Wednesday, 14 February 2018

Exploring Bespoke 4: It's All in the Pattern

In this the fourth of our series exploring the details of genuine bespoke tailoring, Brita Hirsch looks at one of the essential requirements of a true bespoke garment: the pattern. If you visit a bespoke tailor you will see paper patterns hanging in storage. Each represents the size, shape and style of a customer and is used as a template to cut the cloth components which are stitched together to make the final product. 

Brita Hirsch chalks up my pattern onto the Harris tweed cloth. The paper pattern is used as a template

The pattern will be cut by a cutter, from many careful measurements taken from the client. The cutter then works with a tailor/coatmaker/trousermaker to complete the garment over a series of fittings with the client. In Brita's case, she does all these things herself.

Brita Hirsch takes up the story:
"I enjoyed discussing style, and how to capture it, from a philosophical angle but feel the topic deserves a further, more technical chapter. Here we are talking about the cutting pattern, the very foundation of the bespoke process.  
It’s a delicate topic: the individual paper pattern, the provision of which is one of the Savile Row Association’s standards for members [link below], has become an endangered species. It takes skill and time to draft an individual pattern by hand: around eight hours for a three piece suit. The underlying data is totally unique: the customer’s measurements, information about their posture and any deviation from the symmetrical, plus the important style elements. 

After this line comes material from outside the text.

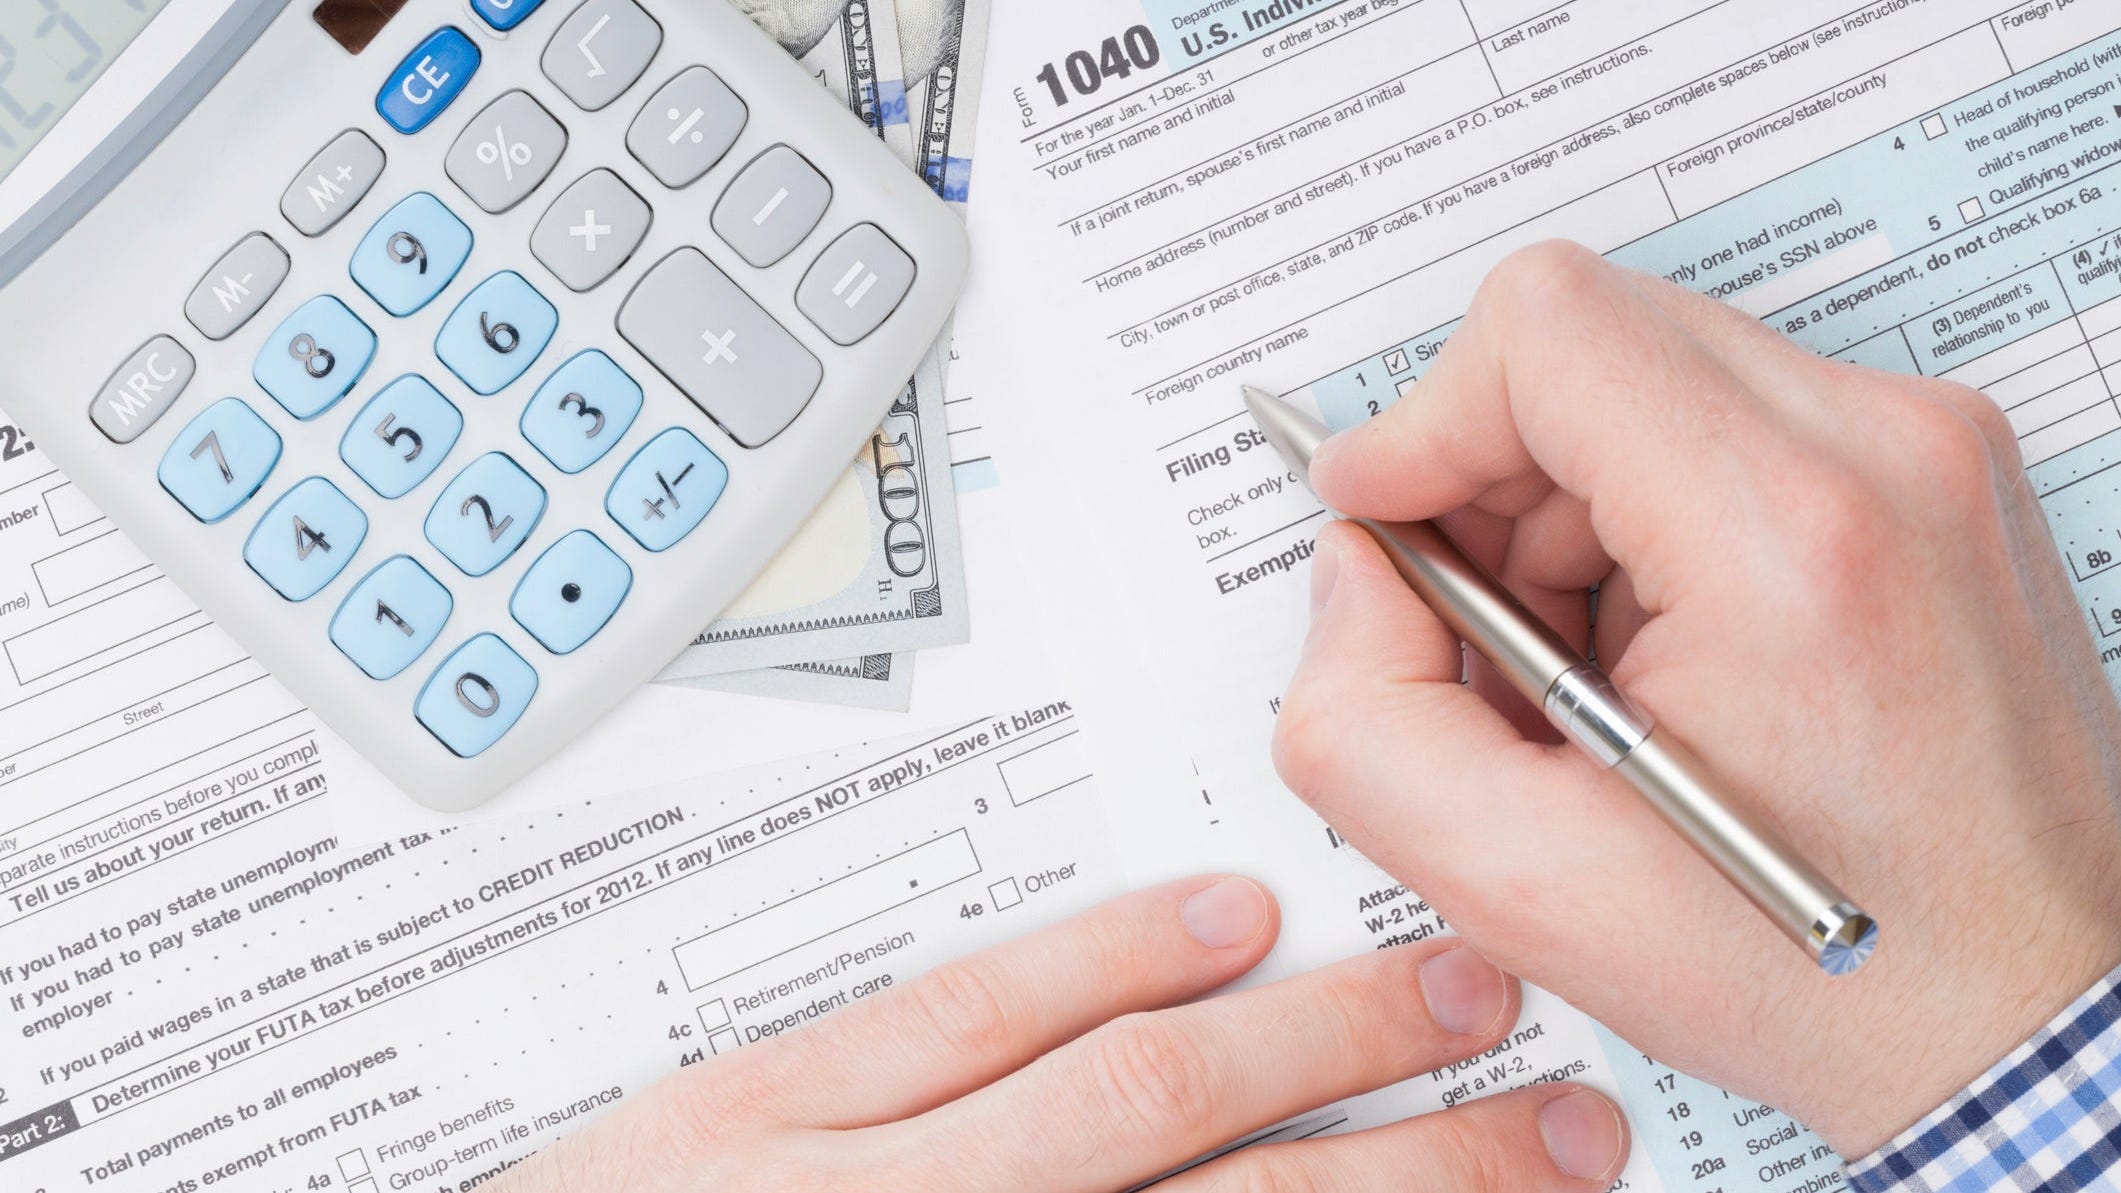 Where is my refund 2020: How long does it take IRS to process taxes?
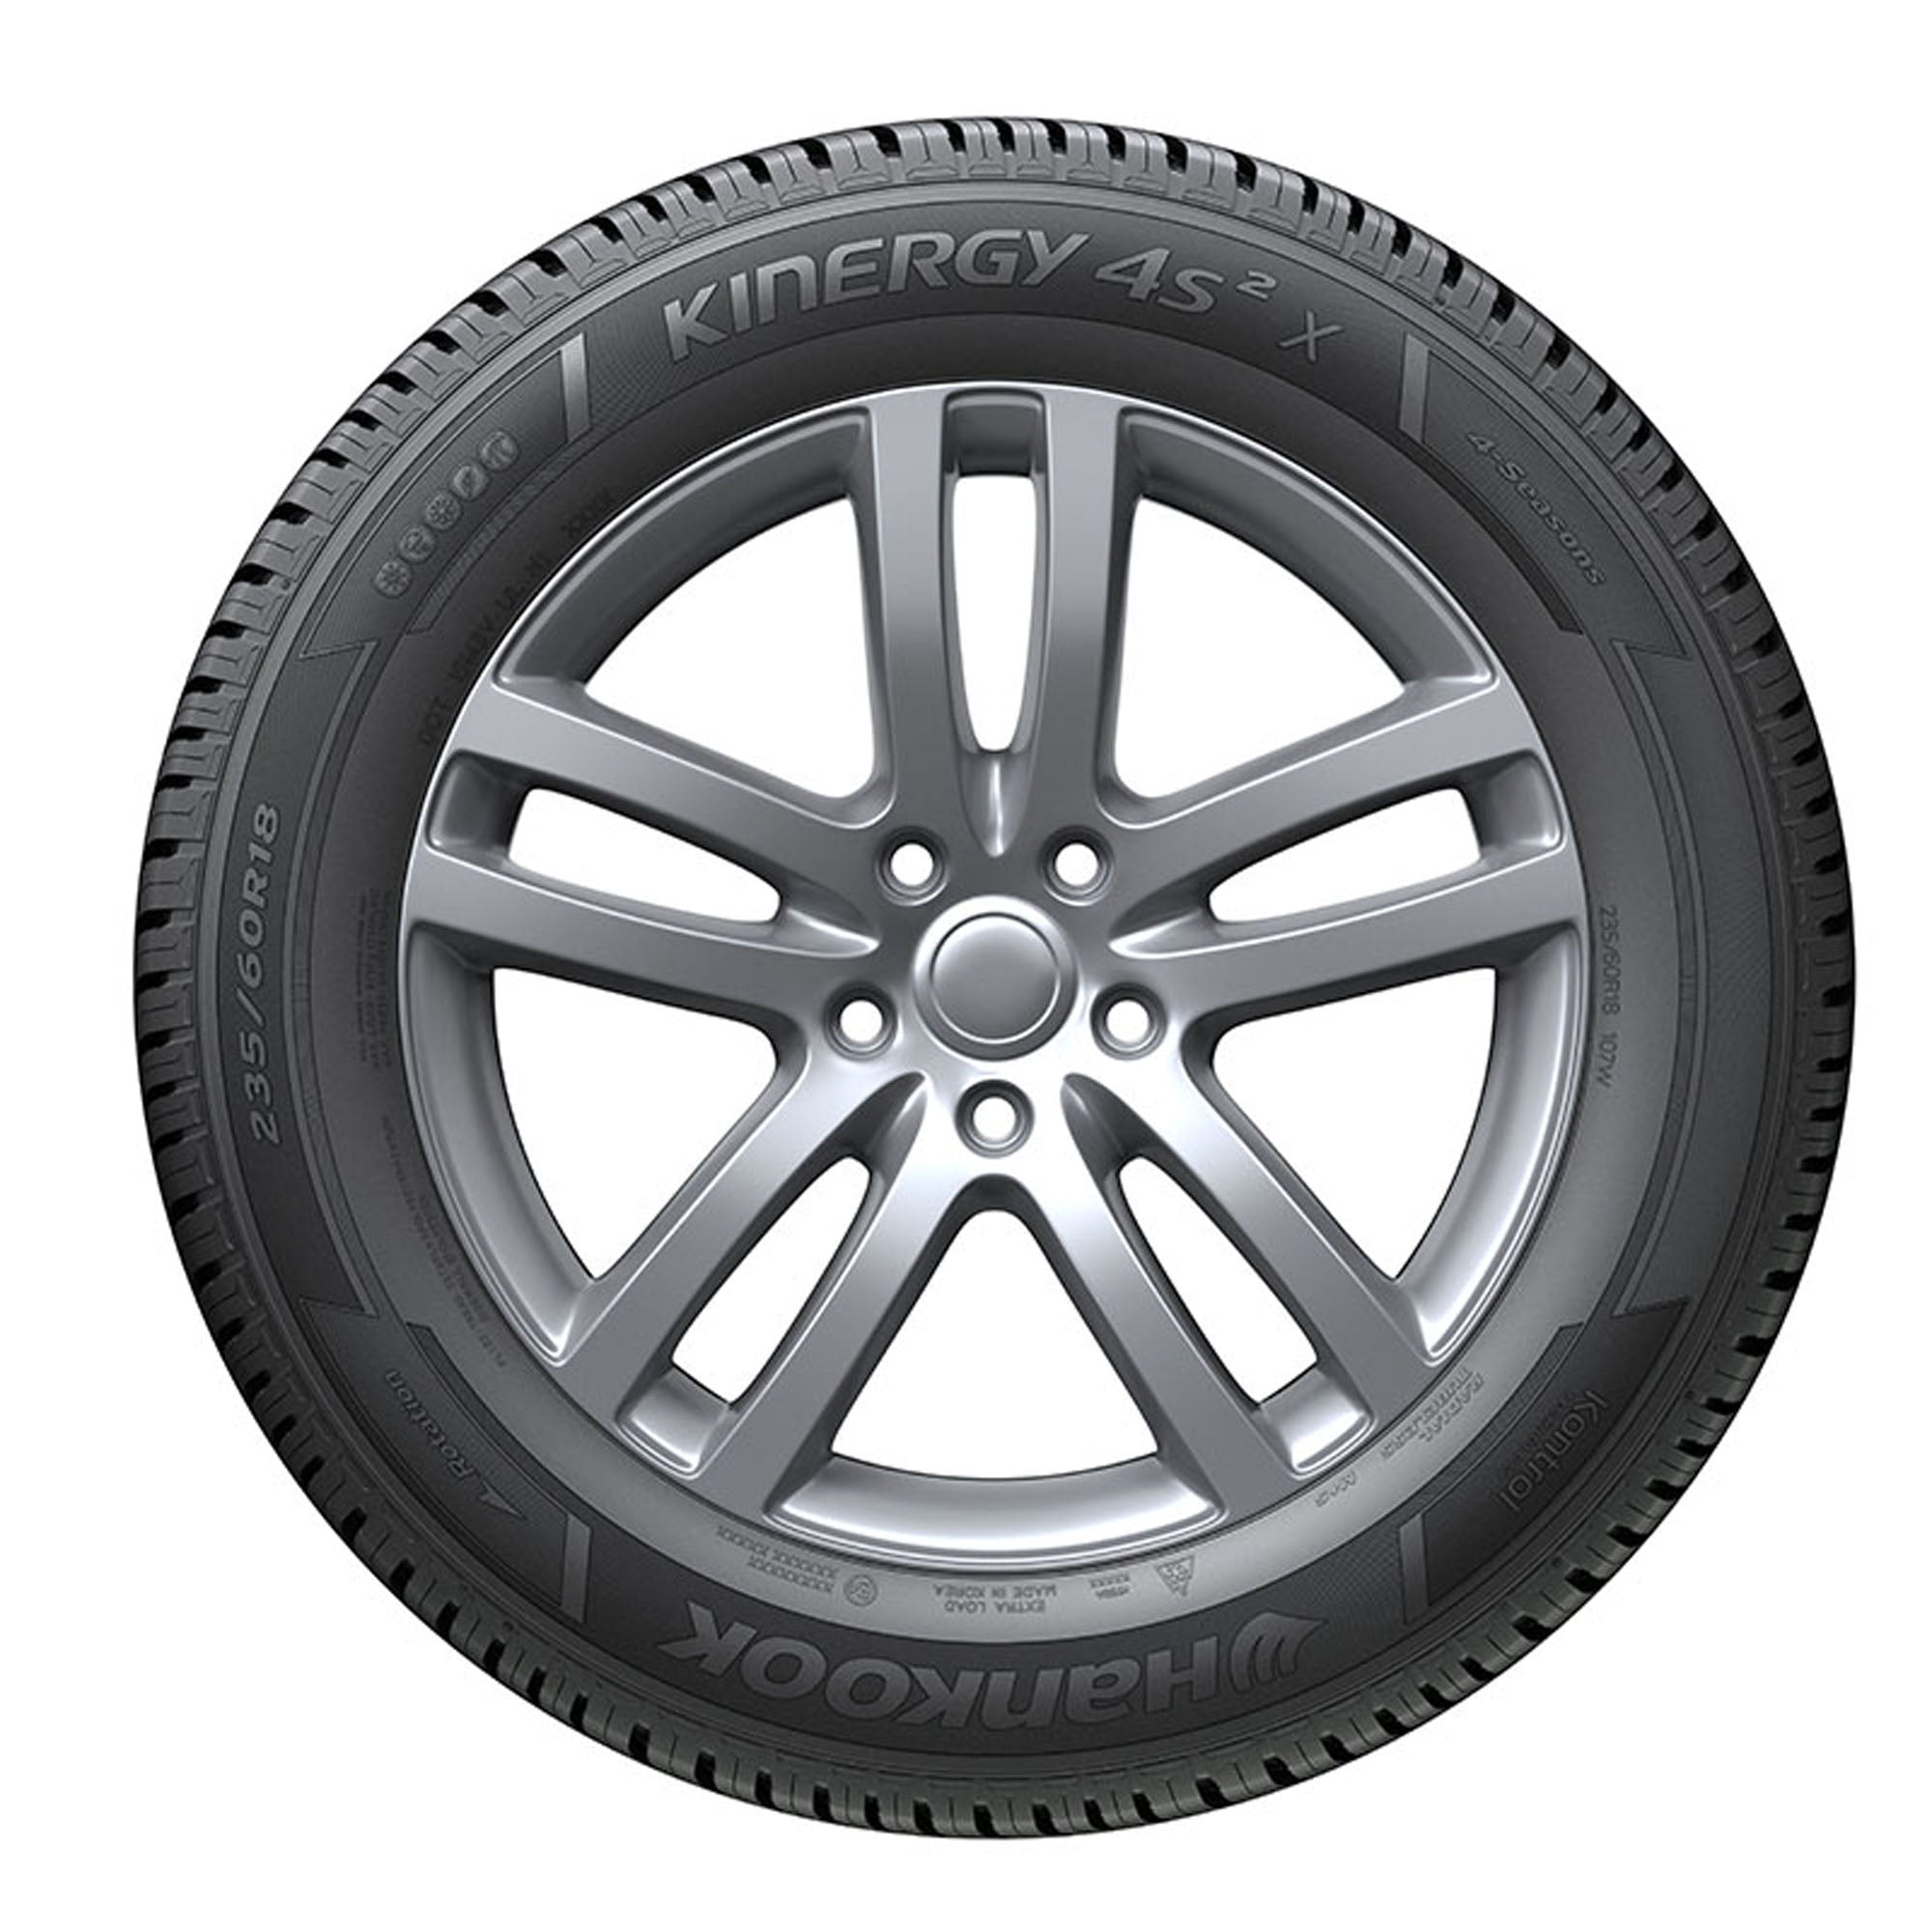 Hankook Kinergy 4S2 X (H750A) 99H Tire 225/60R17 All SUV/Crossover Weather

Brita applies my pattern to the cloth before chalking up and cutting. The use of the cloth has to be optimised

Skill and time are precious goods and you will find that it is wide-spread practice today, including in some ‘bespoke’ houses, to take a shortcut and use standard sized ‘blocks’ instead of individual patterns. Discernible by the fact that they are cut from cardboard rather than paper (for frequent use), blocks are sets of standard size patterns that are used by large clothing manufacturers for industrial style production. 
A skilled cutter might know how to 'tweak’ the block, produce a reasonable fit and let the process appear bespoke by conducting a number of fittings; however the end result will never be what a truly bespoke garment should be: an absolute delight to wear, fitting perfectly and encompassing every style aspect you are looking for. 
The way to find out if your tailor is about to produce the real thing is to ask to see your individual paper pattern. It should include a full set of panels, which should all bear your name and the date of your commission. If they don’t hesitate to show you the pattern, you are in the safe hands of a bespoke tailor deserving of the name".
For other features in the Exploring Bespoke series here on the blog, click here.

The coat comes together at a basted fitting


1 comment:

Juan Manuel Ballesteros y Allué said...

Spot on.

I have never commisioned a suit from a tailor (one day...) but I do have my shirts made by a truly bespoke shirtmaker. After 24 years ordering my shirts with them it's pure joy have a look at the "patterns" and how the "cutter" does his job. They actually are MY shirts!